══ Given data

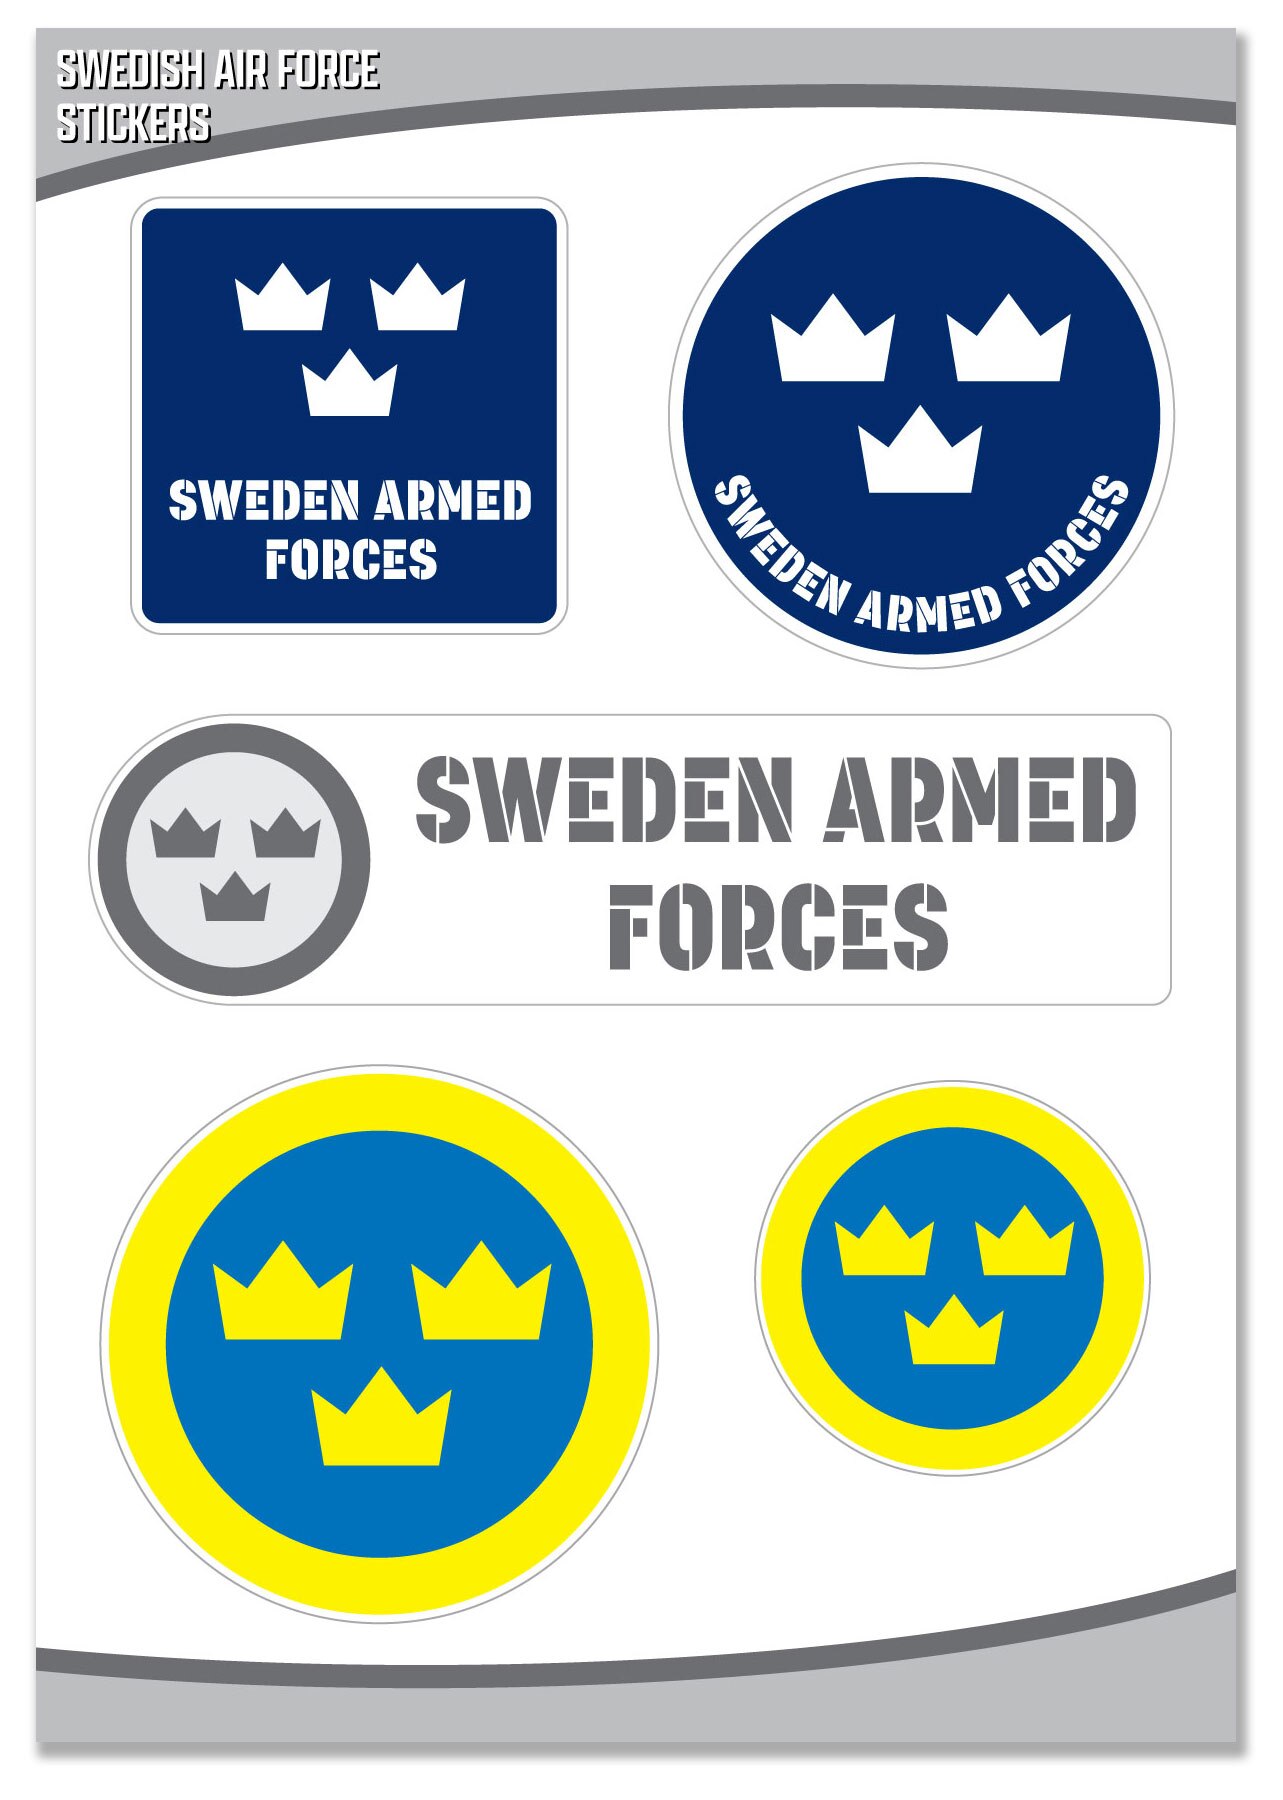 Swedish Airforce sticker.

════
══ Given data

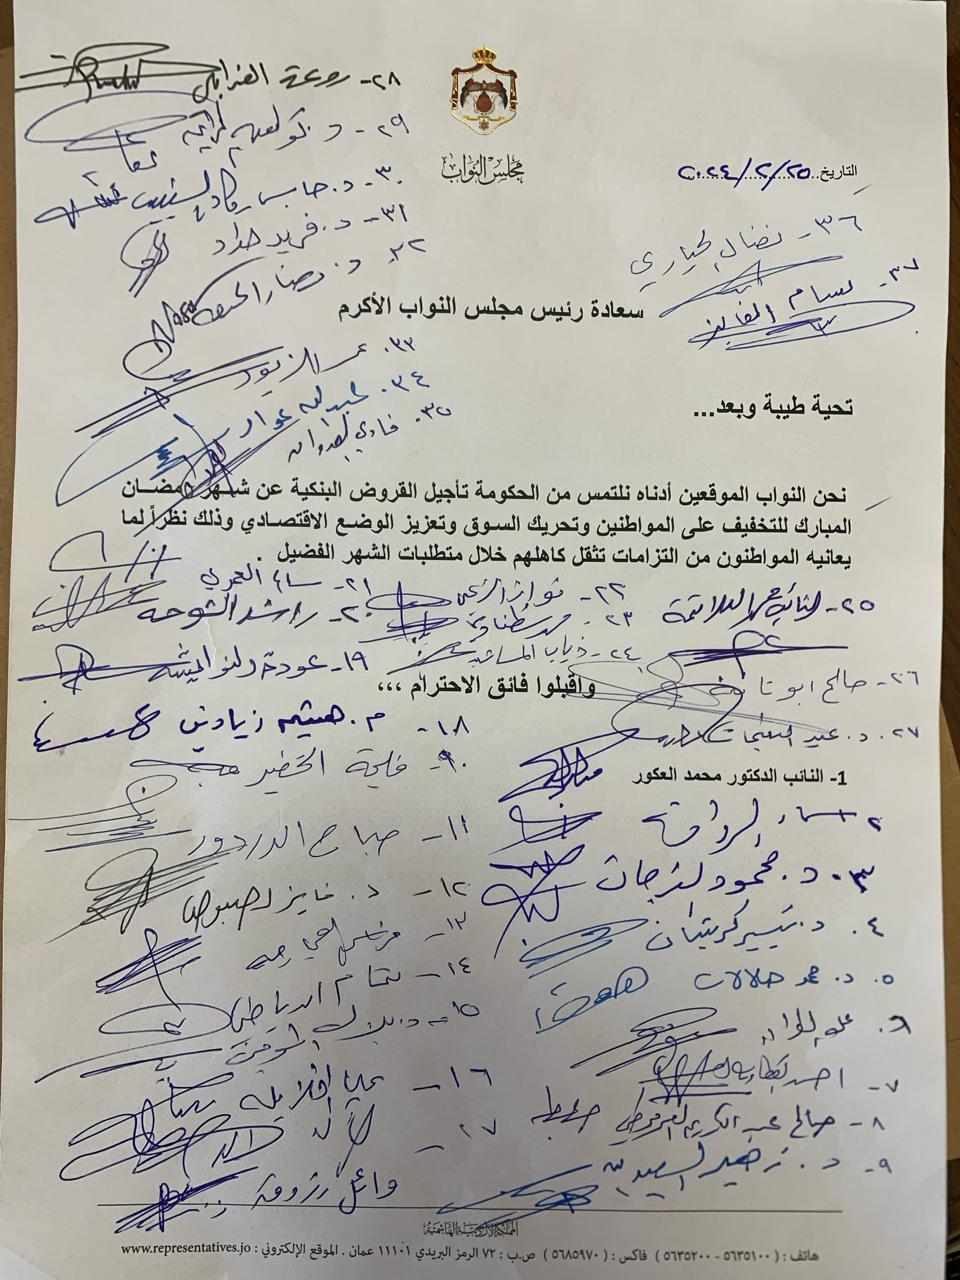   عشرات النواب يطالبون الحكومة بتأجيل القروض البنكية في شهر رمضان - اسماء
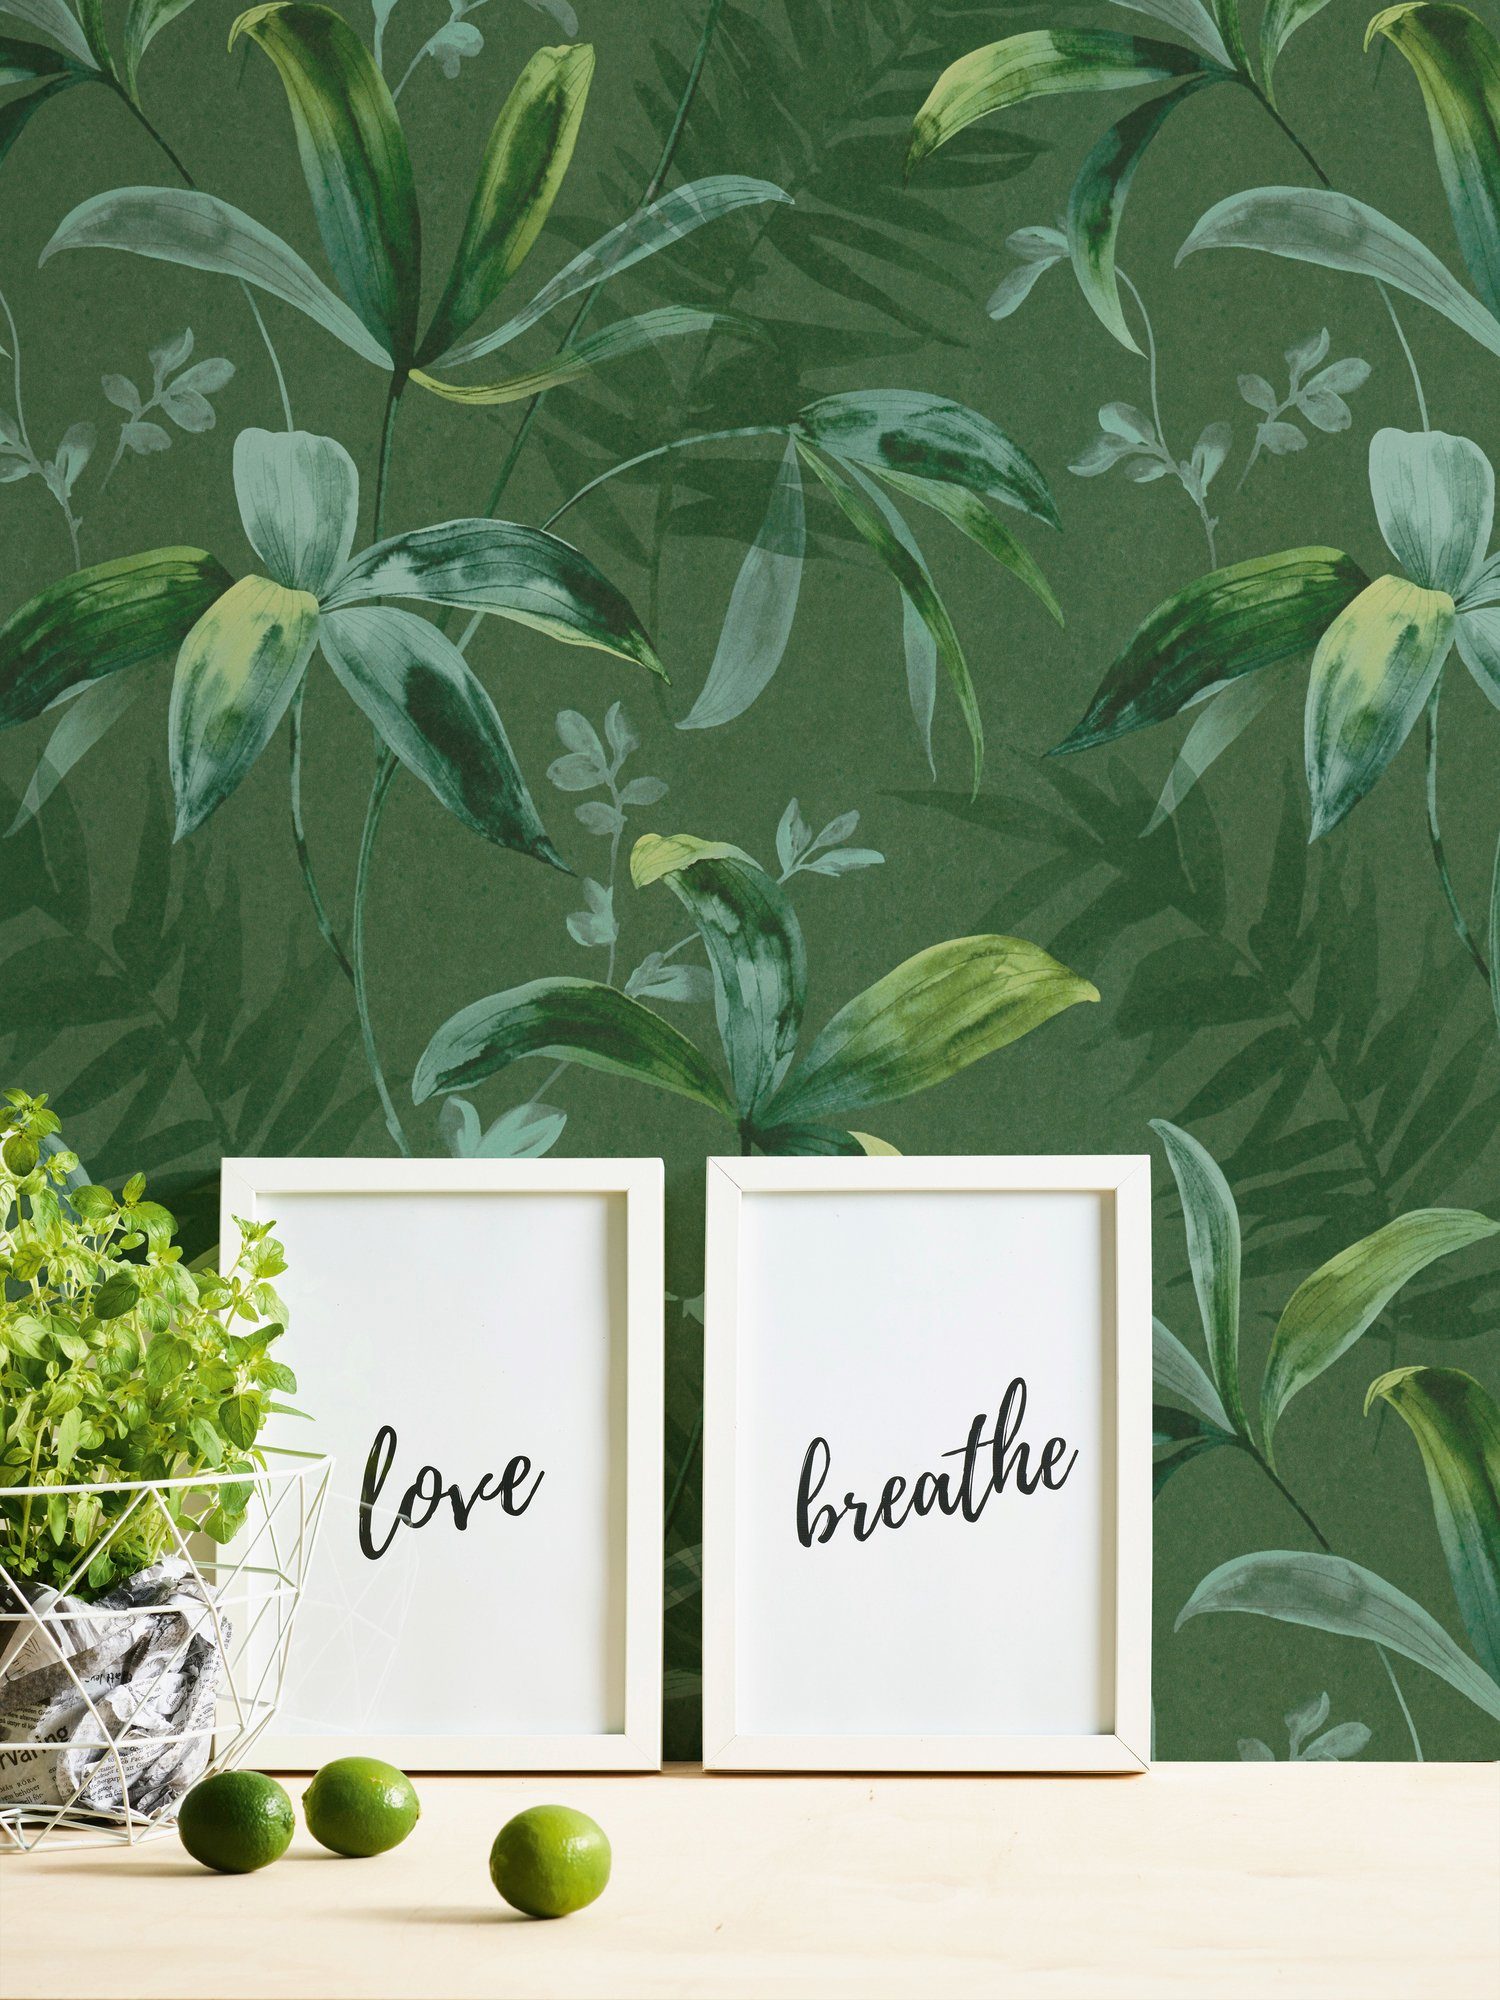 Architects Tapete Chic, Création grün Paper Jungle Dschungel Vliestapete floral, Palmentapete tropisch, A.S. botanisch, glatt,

════

● **Task brief**
From the listing above, repeat only the lines between the line containing "عشرات النواب يطالبون" and the line containing "Architects Tapete Chic, Création", those two included. Pictures are not part of the copy.

● **Solution to this problem**
   عشرات النواب يطالبون الحكومة بتأجيل القروض البنكية في شهر رمضان - اسماء
 Architects Tapete Chic, Création grün Paper Jungle Dschungel Vliestapete floral, Palmentapete tropisch, A.S. botanisch, glatt,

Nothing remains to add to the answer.